Data in this exercise »
__________

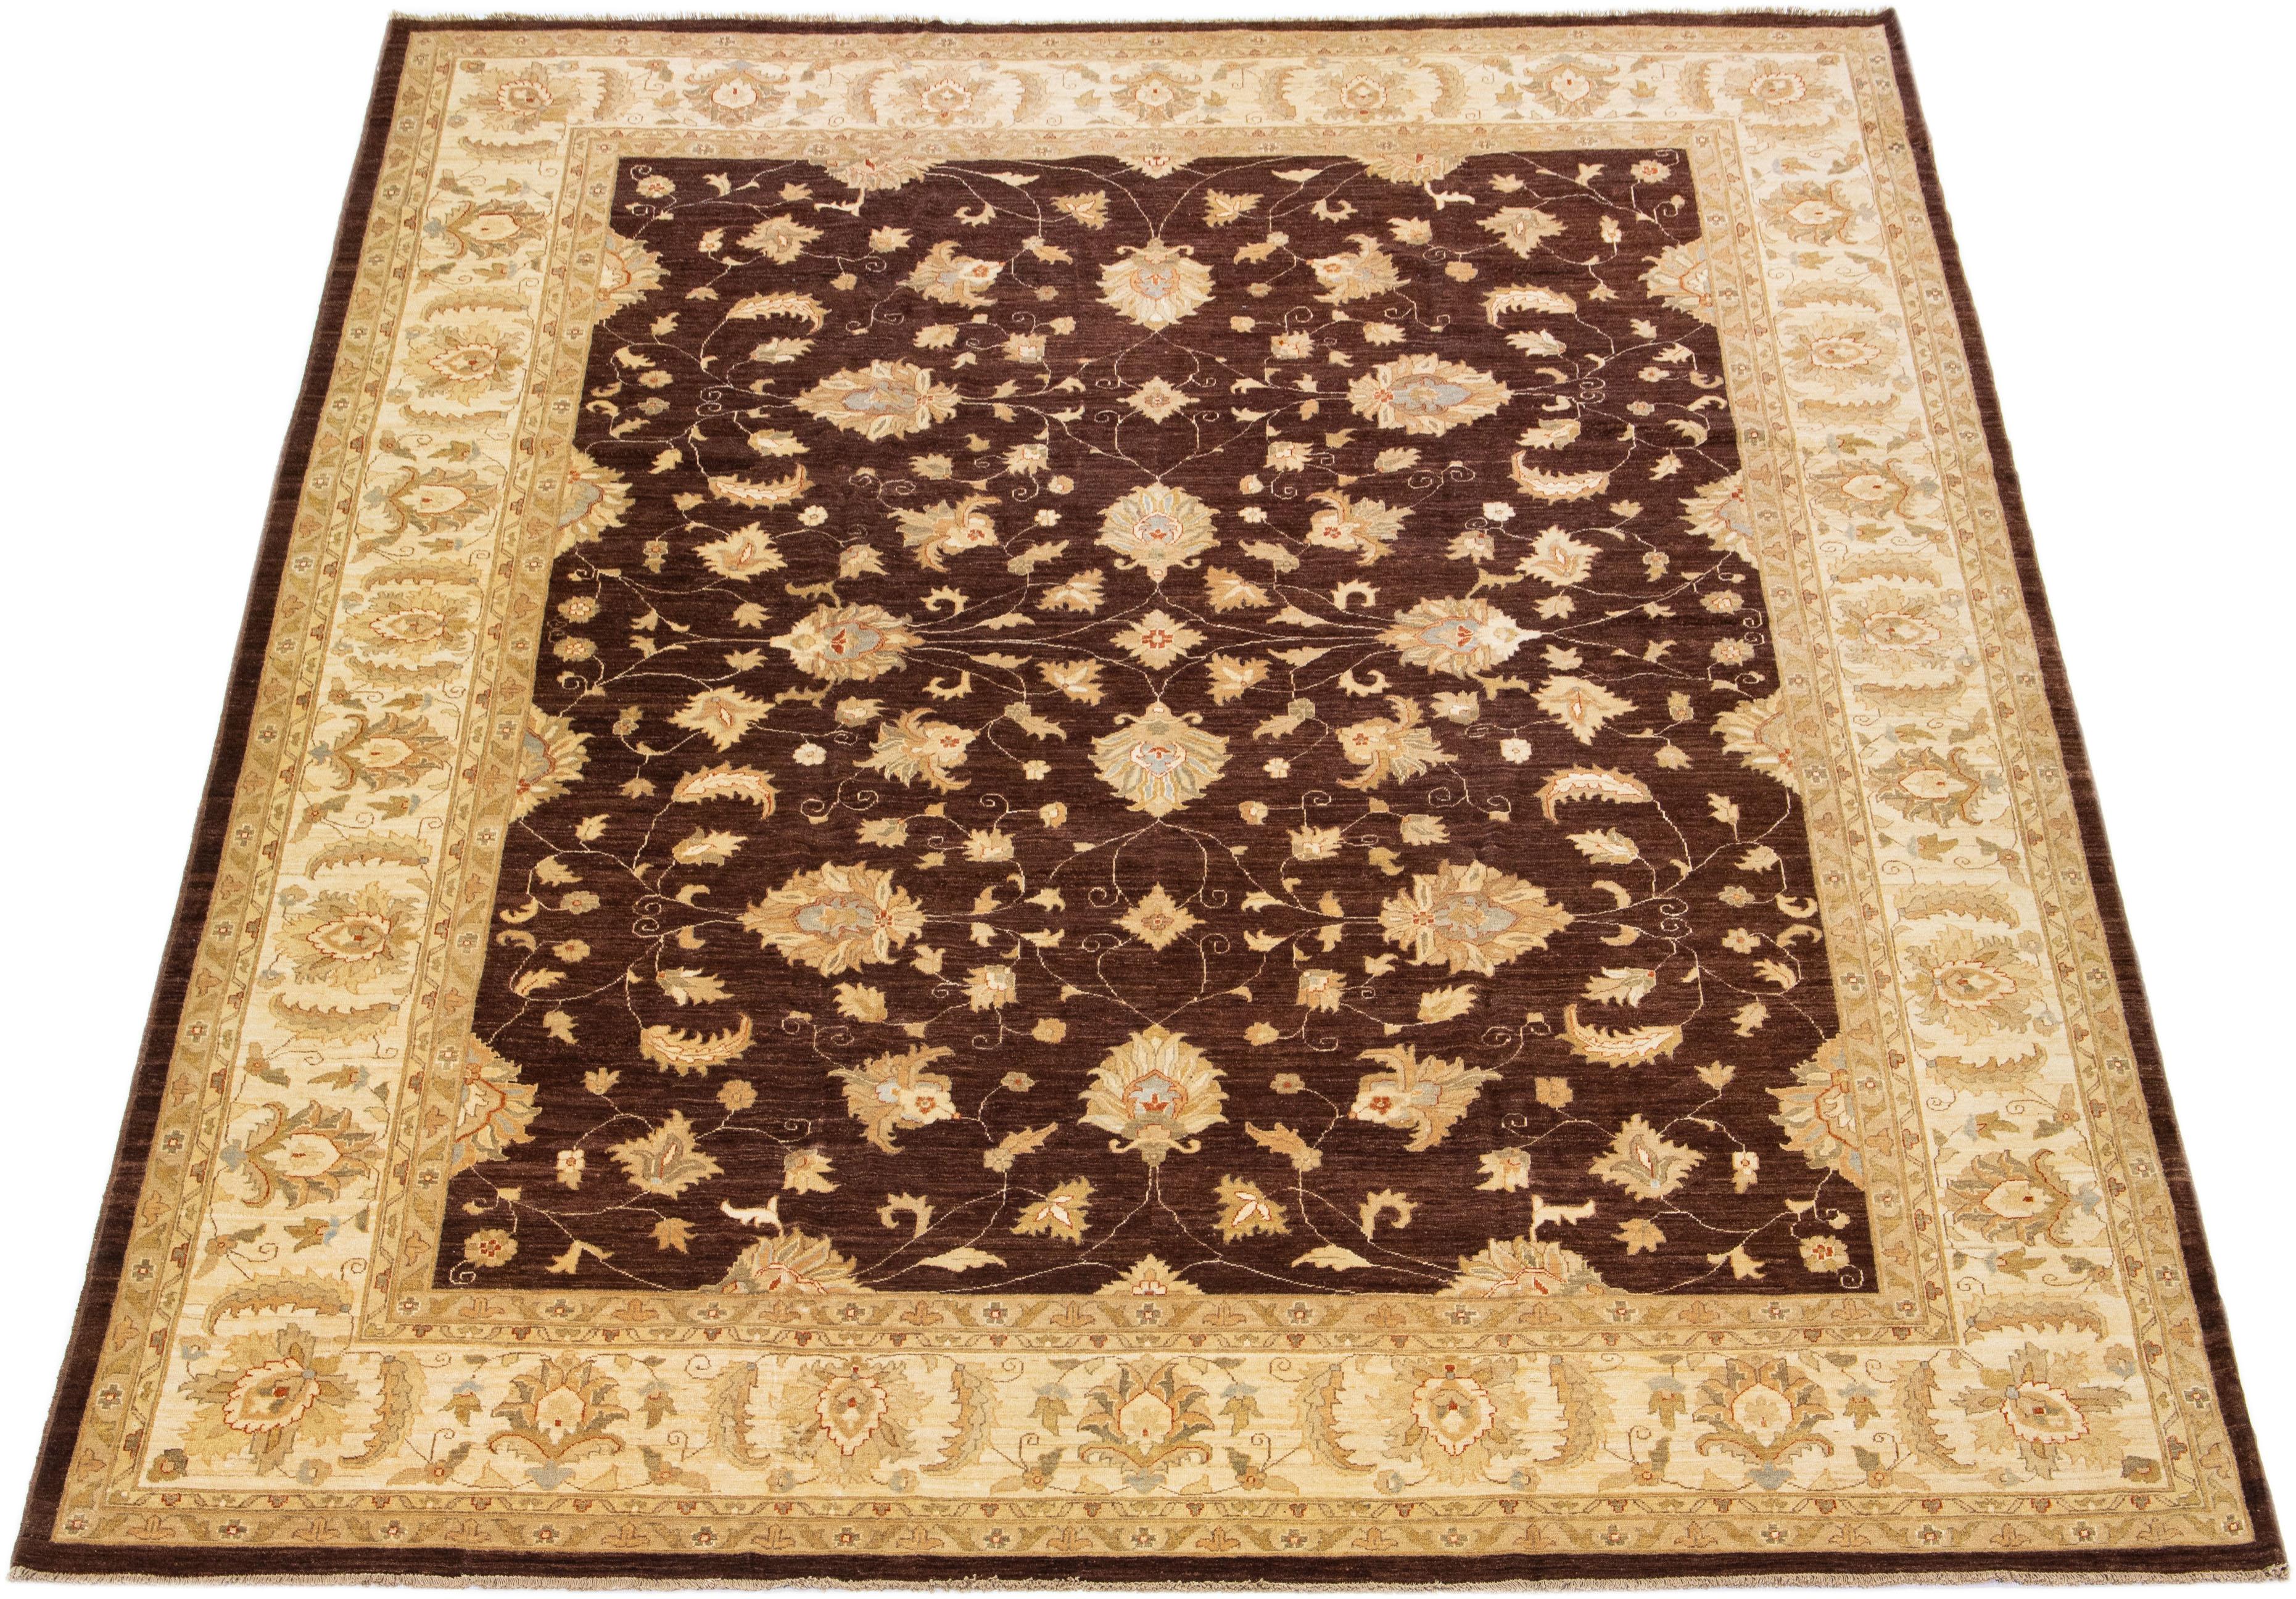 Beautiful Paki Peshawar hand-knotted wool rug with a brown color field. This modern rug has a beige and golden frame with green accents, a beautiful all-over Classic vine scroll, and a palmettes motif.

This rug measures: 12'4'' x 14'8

__________

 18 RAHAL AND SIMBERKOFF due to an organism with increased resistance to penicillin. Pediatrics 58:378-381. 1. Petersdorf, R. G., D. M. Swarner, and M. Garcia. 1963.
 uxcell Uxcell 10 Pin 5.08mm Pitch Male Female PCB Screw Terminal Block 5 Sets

__________

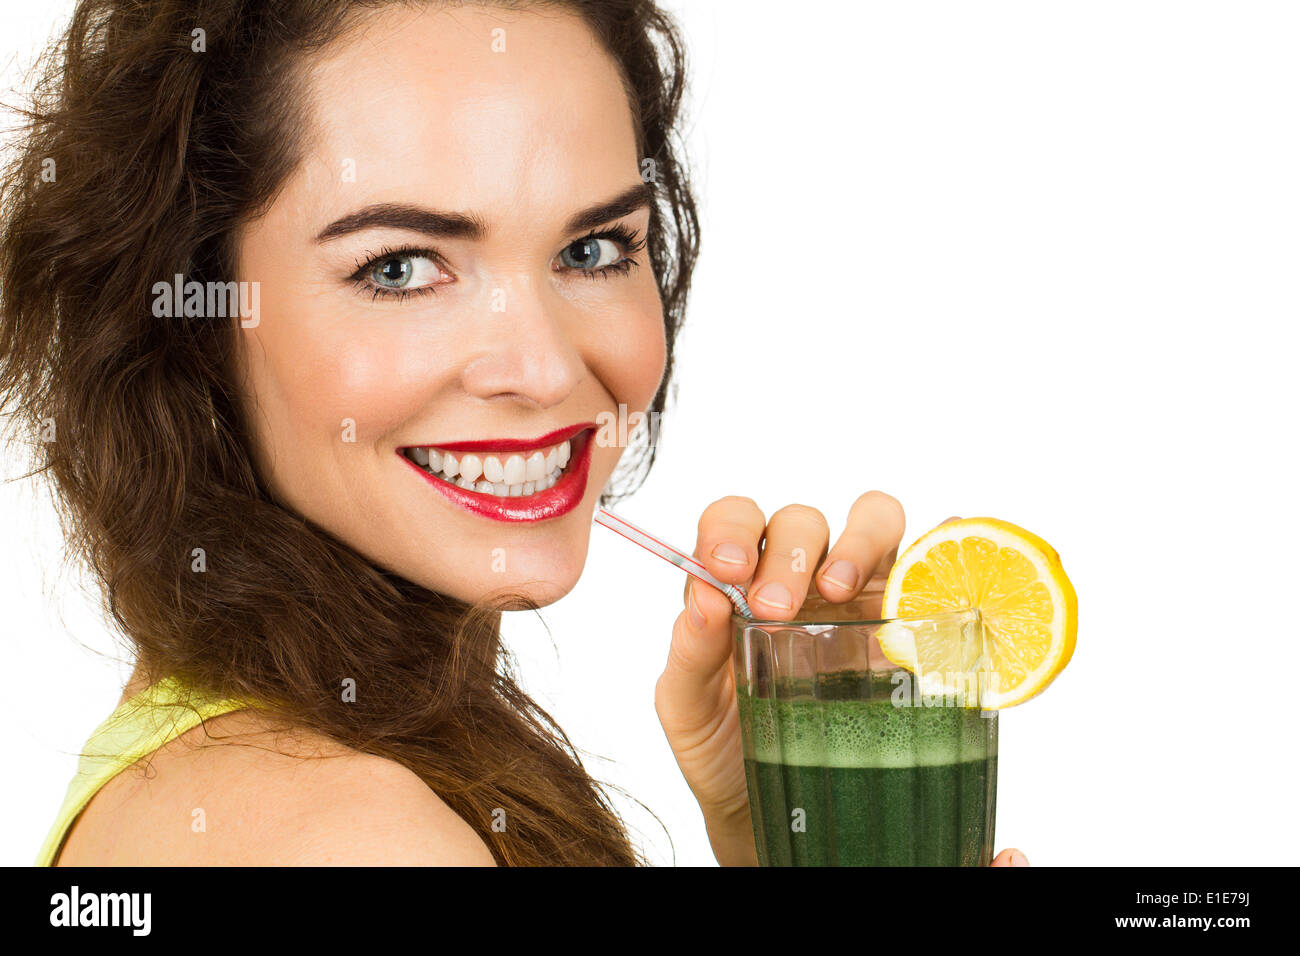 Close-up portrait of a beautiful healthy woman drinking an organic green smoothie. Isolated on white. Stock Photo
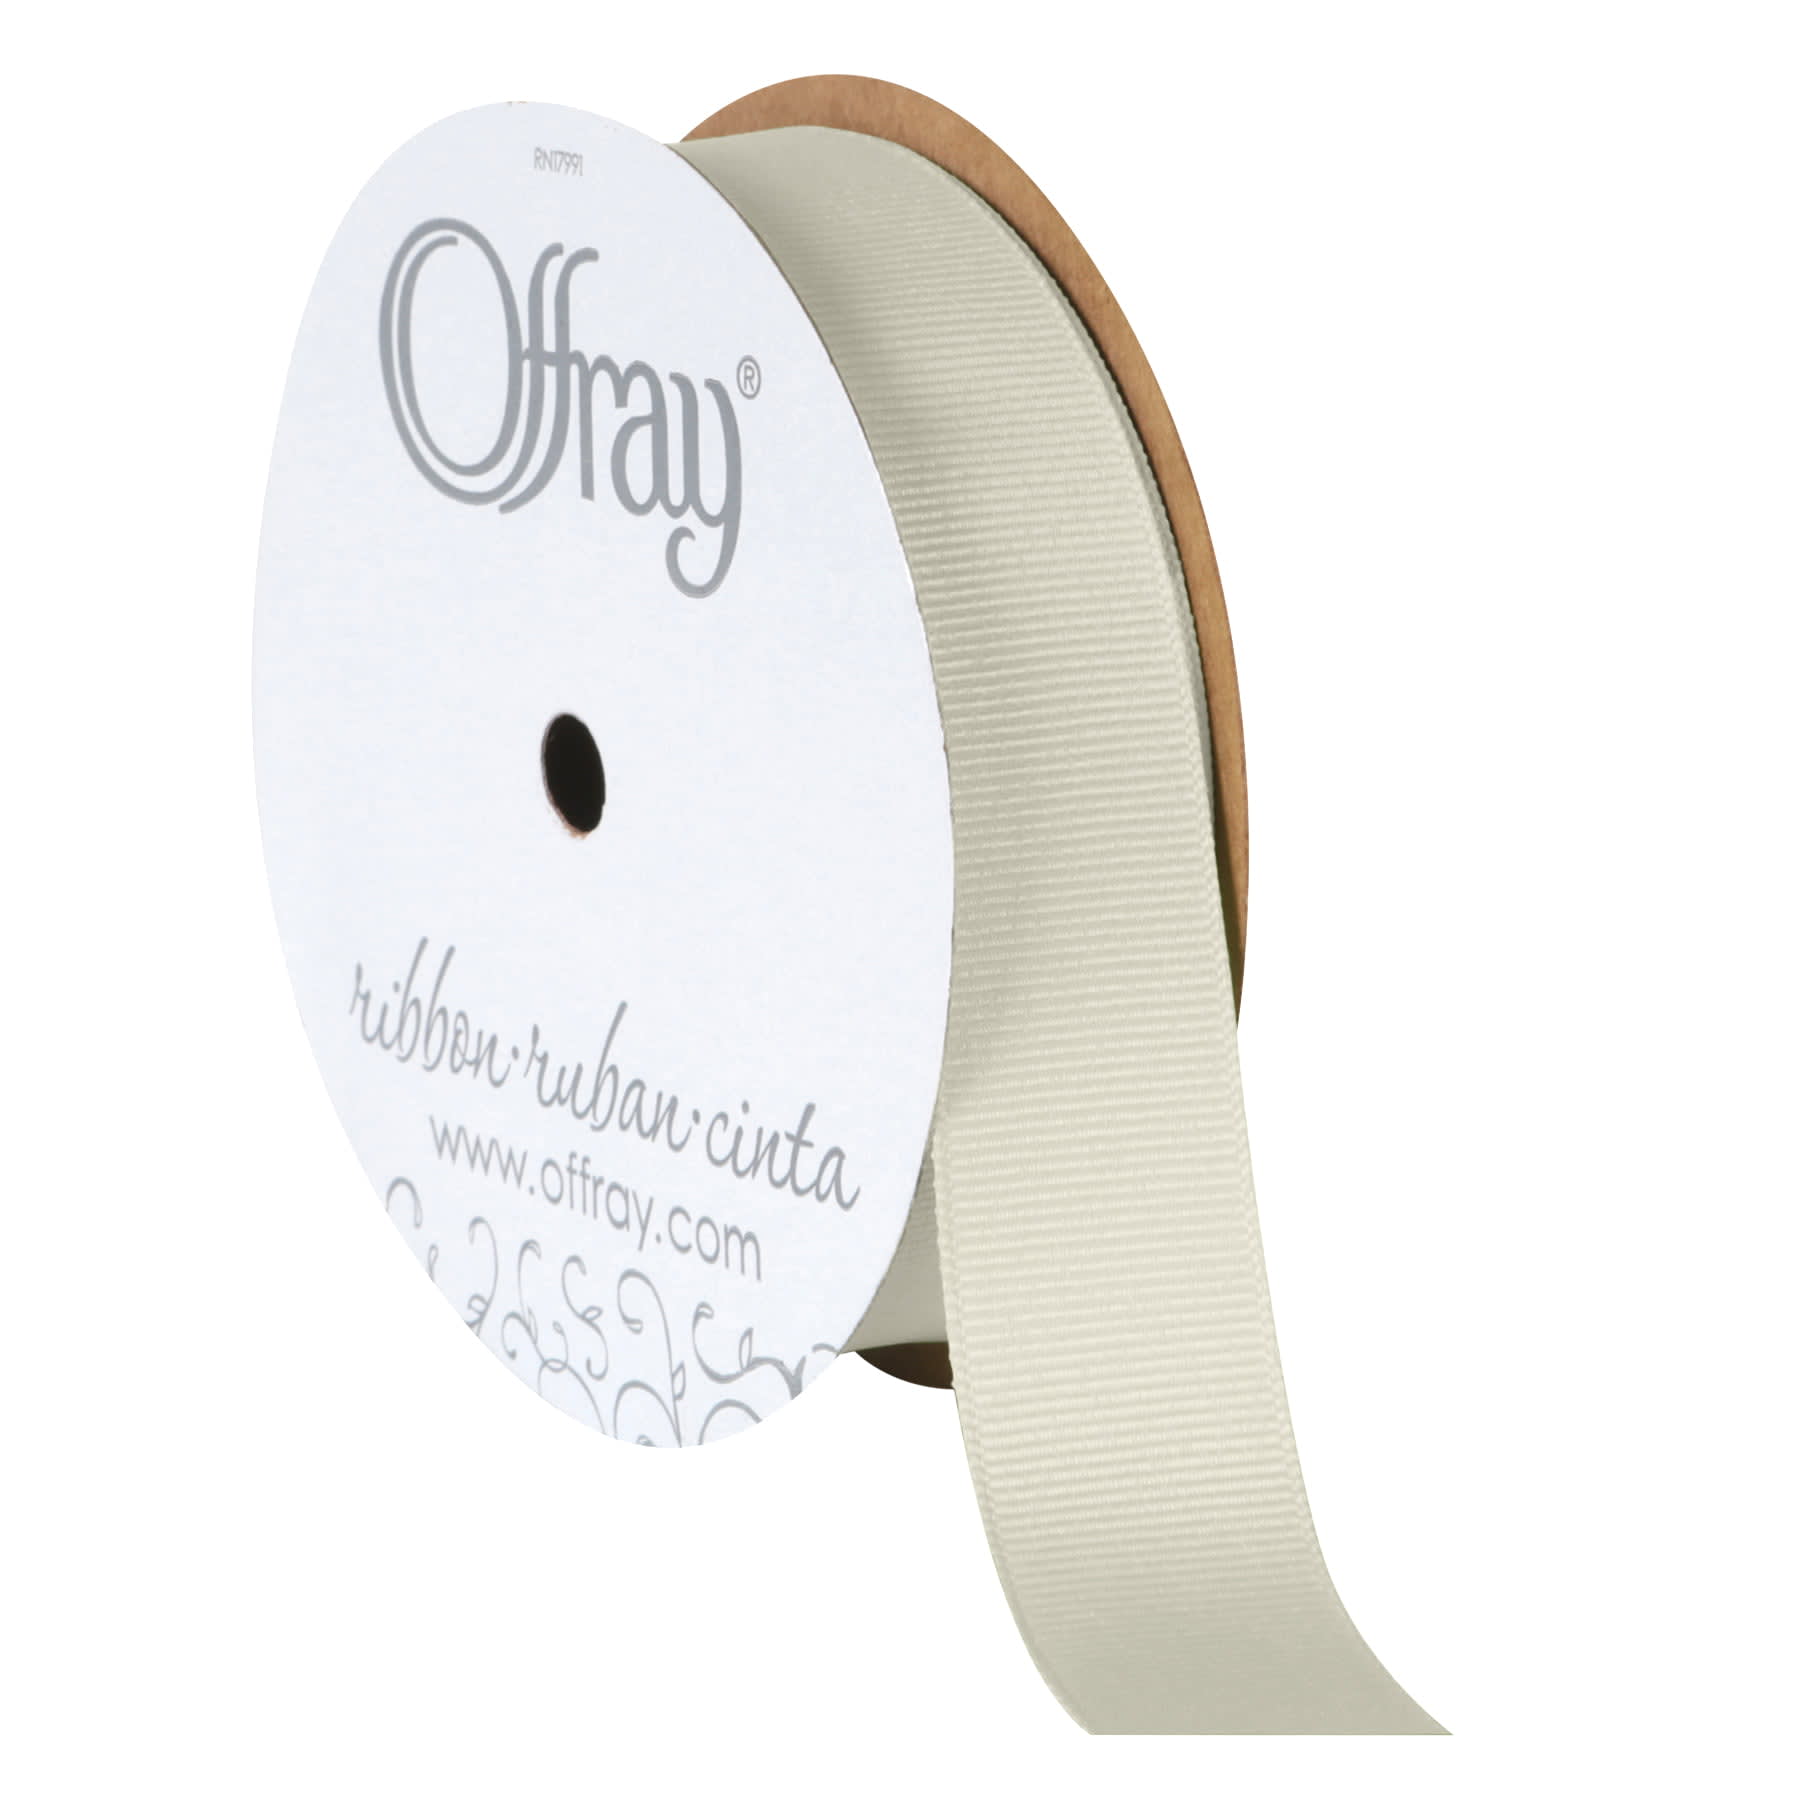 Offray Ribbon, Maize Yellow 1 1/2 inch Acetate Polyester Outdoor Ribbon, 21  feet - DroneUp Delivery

__________

Exercise objective » In the material above, one part opens with the line containing "Beautiful Paki Peshawar" and closes with the line containing "This rug measures: 12'4'' x 14'8". Write out that part exactly and skip its pictures.

Answer for this exercise »
 Beautiful Paki Peshawar hand-knotted wool rug with a brown color field. This modern rug has a beige and golden frame with green accents, a beautiful all-over Classic vine scroll, and a palmettes motif.

This rug measures: 12'4'' x 14'8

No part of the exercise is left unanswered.